The Hidden Truth: Solutions for a Youth-Focused Bioeconomy in Ghana


A garbage collector in Ghana collects items from a garbage pile. GAYO / Betty Osei Bonsu

Betty Osei Bonsu is the project coordinator of the youth organization Green Africa based in Accra.

Last year, I had the privilege of training young people and women living in a mining area on how to use existing resources for sustainable products like sawdust and organic waste, compost and cocoa pods in bath soap.

Dependent on illegal mining activities, which destroy their water supply, biodiversity and increase the risk of disease, around 80 percent of young people expressed grievances over unreliable communication from leaders about employment opportunities, citing this as a reason why they decided to fend for themselves in their own way despite the consequences.

The green recovery solutions resulting from these community activities have not only helped to diversify the revenue from recoverable waste, but also fostered the inclusion of the community in terms of sustainability. Global economic growth requires valuing and investing in natural biological resources and the communities that keep them.

These ideas fuel the concept of the bioeconomy due to their use of biological resources to provide products, processes and services in all economic sectors within the context of a sustainable economic system using knowledge-based production. food system 2021.

According to the Convention on Biological Diversity strategy for Ghana, biological resources are under serious threat and urgent measures are needed to avoid negative consequences. Lack of coordination between policy making and implementing agencies at global, regional, national and local levels is also a major obstacle to effective management of biological resources.

Betty Osei Bonsu leads a team in the preparation of compost from household garbage.

Bioeconomy strategies reduce dependence on natural resources, transform manufacturing and promote the sustainable production of renewable resources. Although the bioeconomy solution is seen as a model for industry and economic growth, leaders have not given it their full attention, leaving great potential untapped – untapped potential stored in millions of tons of waste. biological and residual material is eliminated daily in the environment.

Young people and resources go hand in hand because young people are the key to sustainability. The role of young people in bioeconomic solutions is to bridge the gap to strategically ensure intergenerational equity, as young people will bear the greatest burden of climate change.

The inclusion of young people in the bioeconomy raises questions of environmental sustainability, human survival, social justice and human rights, where social inclusion is defined as a creative approach to improving the lives of the most vulnerable.

The Green Africa Youth organization, in its efforts to effectively manage waste, generate income from materials considered waste, and build the capacity of waste workers to instill recycling in their operations, is working with communities to achieve zero waste. This strategy was to promote inclusion in the design of the project in accordance with the needs and views of the community through consultative meetings. In addition, part of this effort is to ensure that informal waste workers are recognized by the public and institutions as the key to waste management.

A live interview conducted with some of the waste pickers and collectors after the Garbage Picker Day celebration served as the case study. They shared their plight on the stigma they face on a daily basis as waste collectors and how they are even denied healthcare because of their appearance. Inclusion should not only be youth-centered, but transcend all individuals within communities. Surprisingly, 50 percent of the waste workers hired were young people.

Agenda 21 identifies young people as one of the nine main groups in civil society with the right and responsibility to participate in sustainable development. Again, the United Nations Framework Convention on Climate Change (UNFCCC), in its article 6 on education, training and public awareness, urges governments to develop education and training programs on climate change to educate, empower and involve all stakeholders, including young people. Young people are therefore the main group for effective engagement in creating and implementing decisions on climate change and issues of environmental sustainability or environmental policies.
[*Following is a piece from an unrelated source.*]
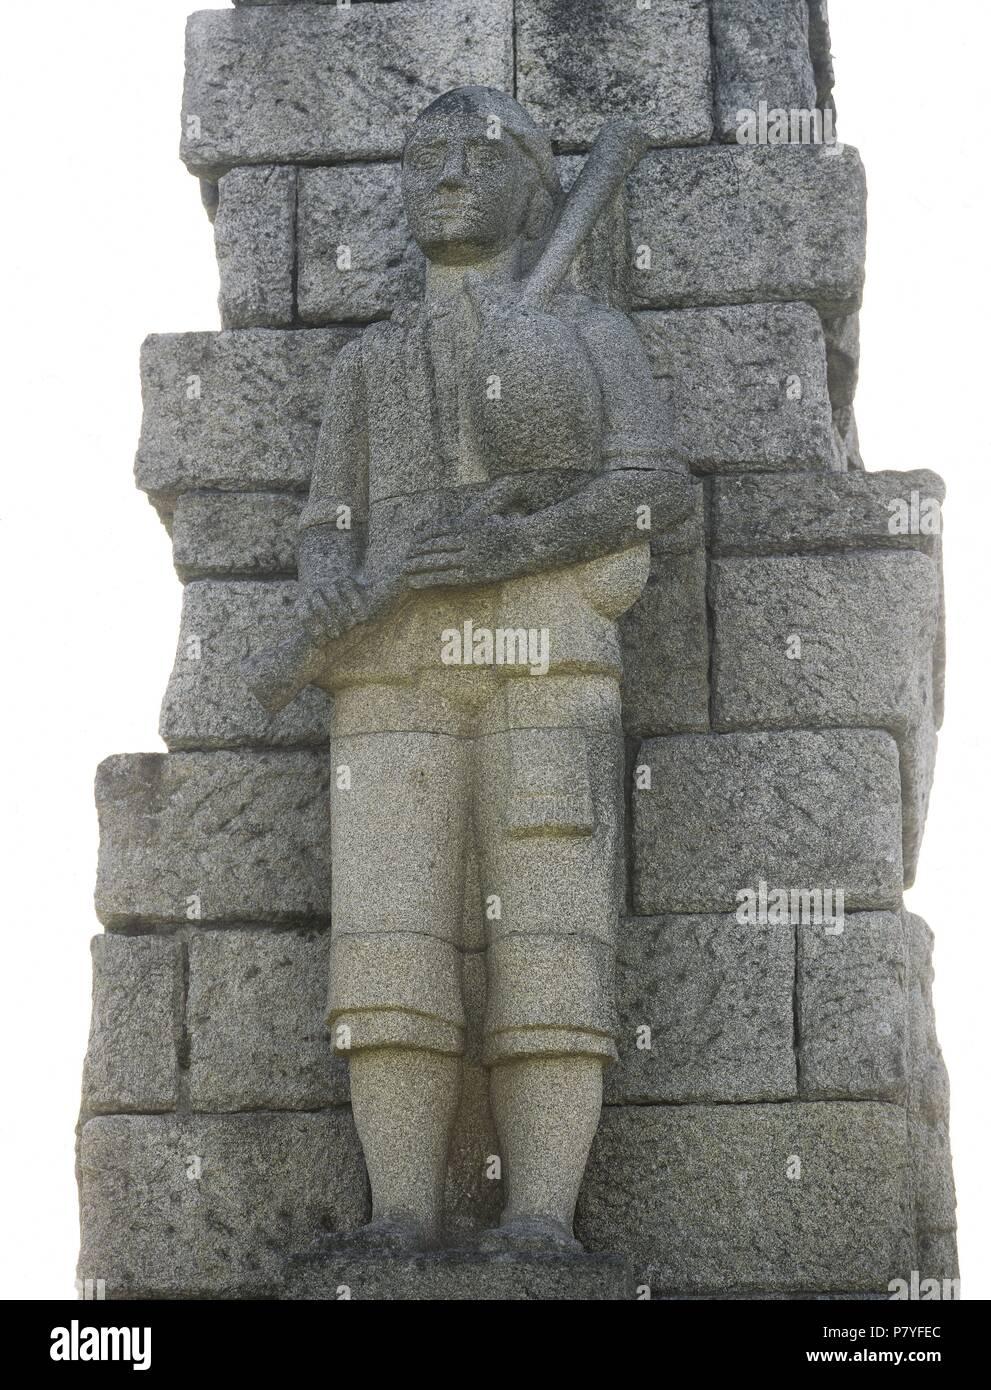 Monumento al Gaitero Gallego, 1965. Por el escultor español Antonio Failde. Detalle. Monte de Santa Cruz. Ribadeo. Provincia de Lugo. Galicia. España. Foto de stock
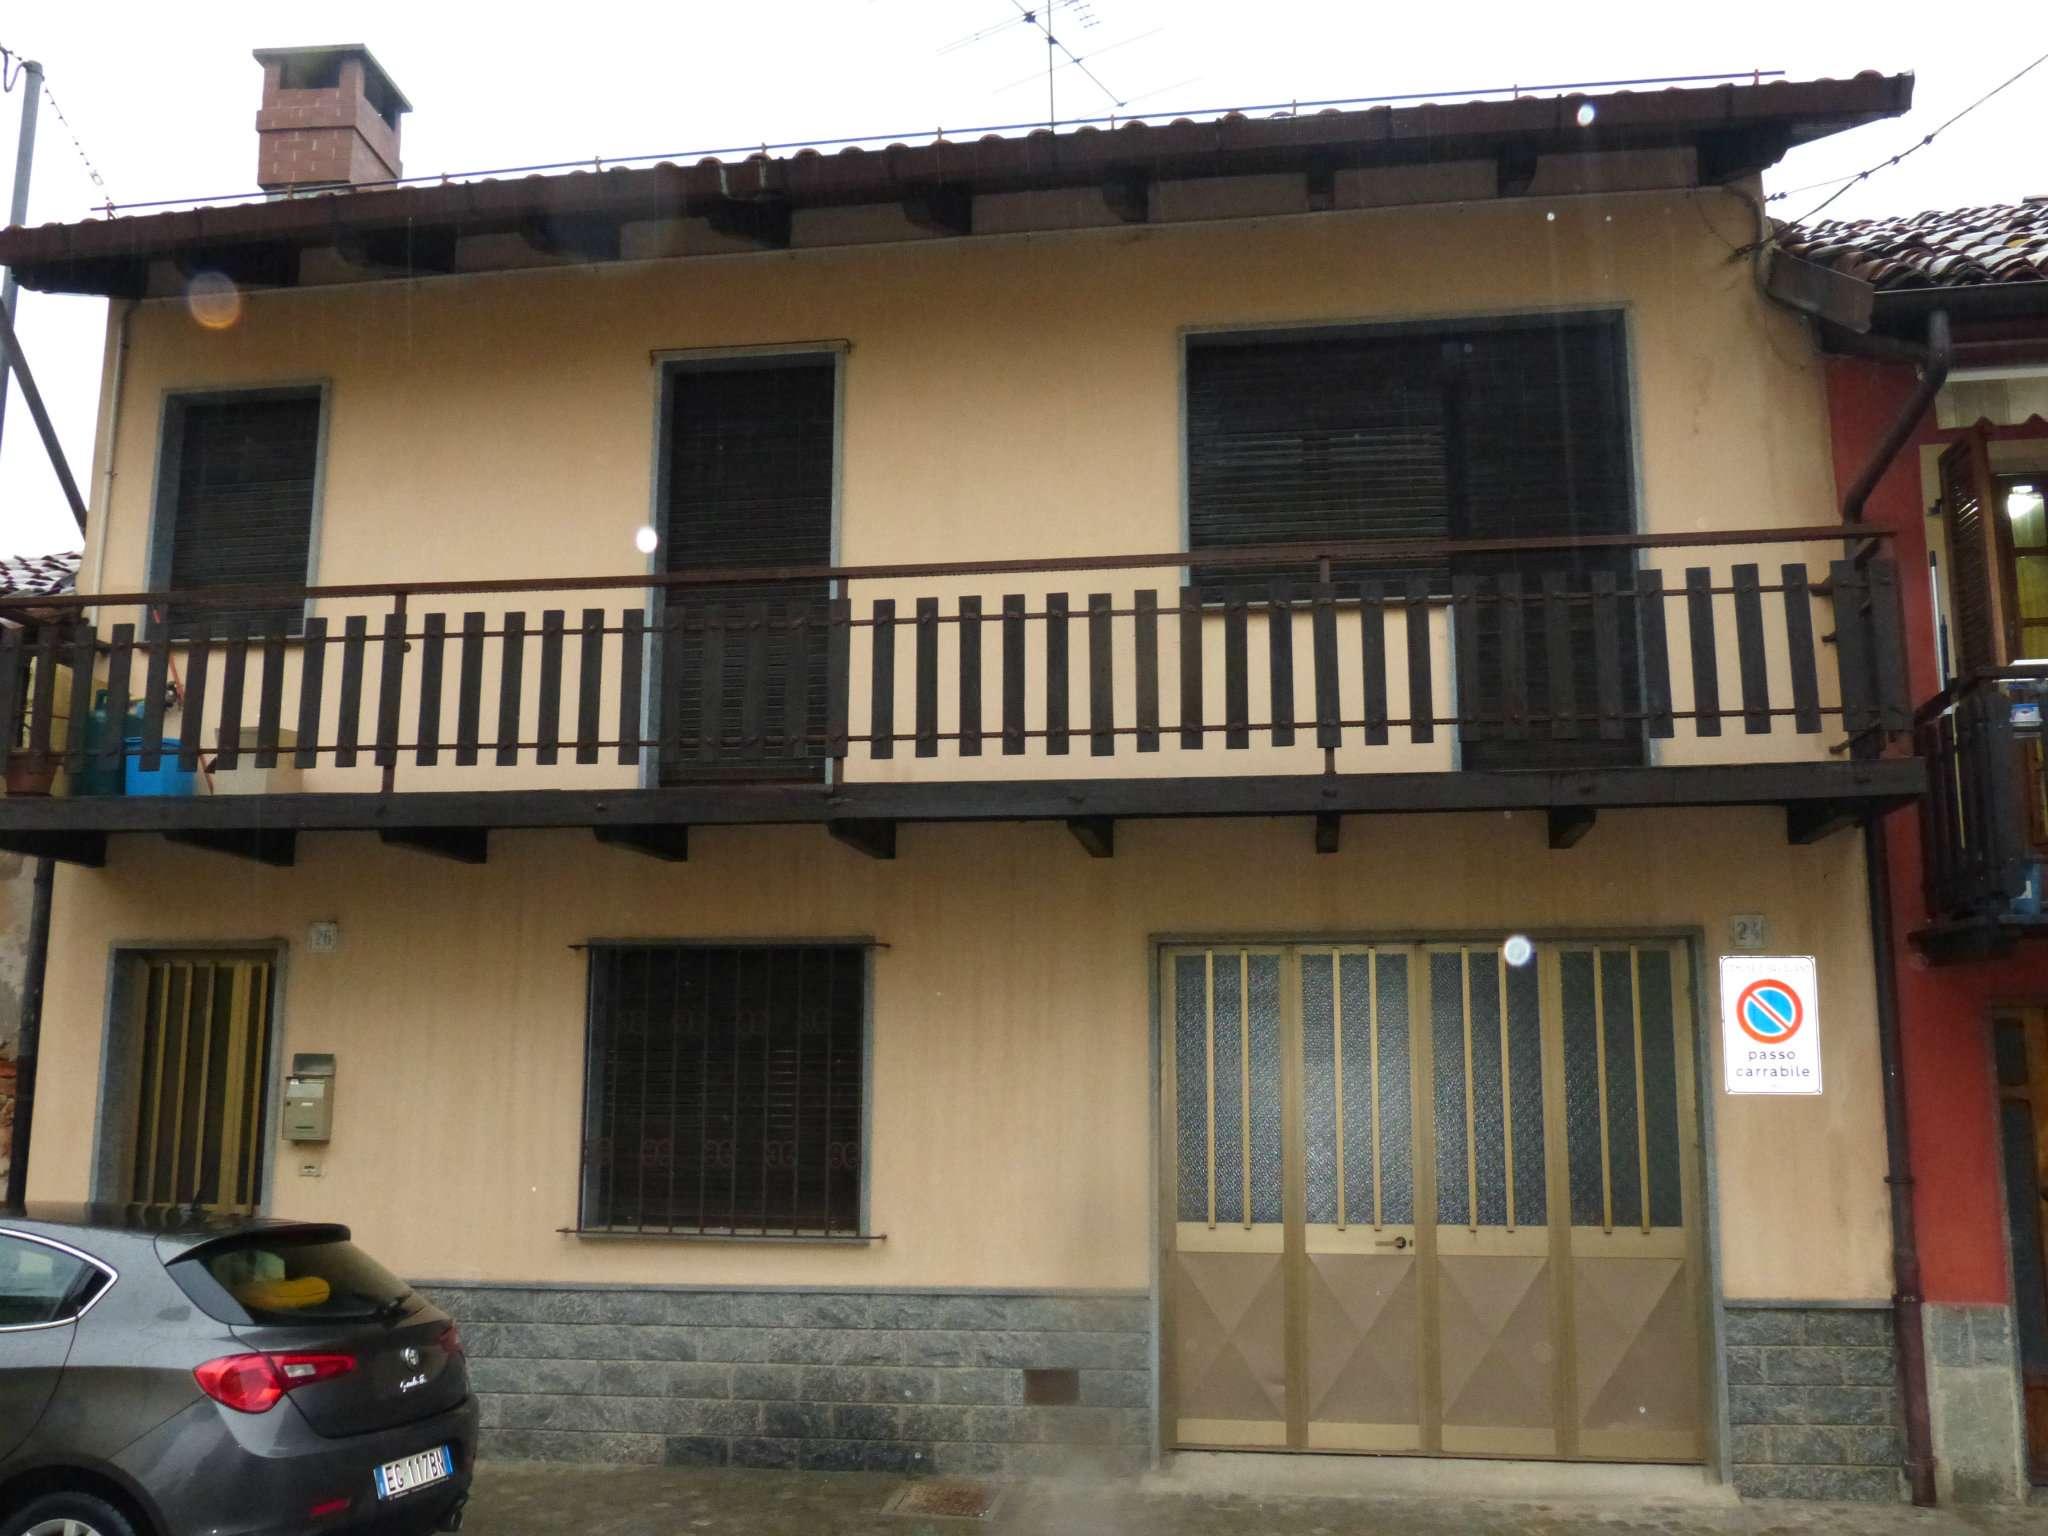 Soluzione Indipendente in vendita a Savigliano, 4 locali, prezzo € 68.000 | Cambio Casa.it

Youth-led campaigns directed at leaders on improving resource efficiency and the use of renewable raw materials while transforming the economic system into one that promotes a circular and climate neutral environment. The shift from a linear economy to a circular economy will generate new business models in all production sectors, including the biobased world. Despite the fact that bio-economic solutions address global climate concerns, there is a gap in public awareness.

We are now in a time when resource management is seen as poverty, and mismanagement of resources is seen as wealth. If I could go back to my childhood community at age 7, I would ask my leaders why they hid the truth from me.

The truth, that I have the right to decide my future;

The truth, that I have the right to protect my natural resources;

The truth is, I am not just a child but a significant change agent;

Gender inequality remains a problem making inclusion incomplete in community settings. In some parts of Ghana, women are not allowed to own land or participate in decision-making. They are assigned to cooking and daily chores.

The need to operationalize social inclusion in the bioeconomy will ensure not only sustainability, with gender inclusion, but trans-sustainability – a sustainability that will be transferred from one generation to the next.

The concepts of bioeconomic solutions present innovations in the understanding of economic systems, with an emphasis on the market adoption of greener solutions based on less intensive use of resources. Adhering to this bio-evolution, bioeconomy projects such as agro-industry, forestry, fisheries and aquaculture are areas in which young people should be massively encouraged to participate.

Our leaders have always been the ones who decide our future, it’s time they handed over the baton and trusted us to make the changes we want to see.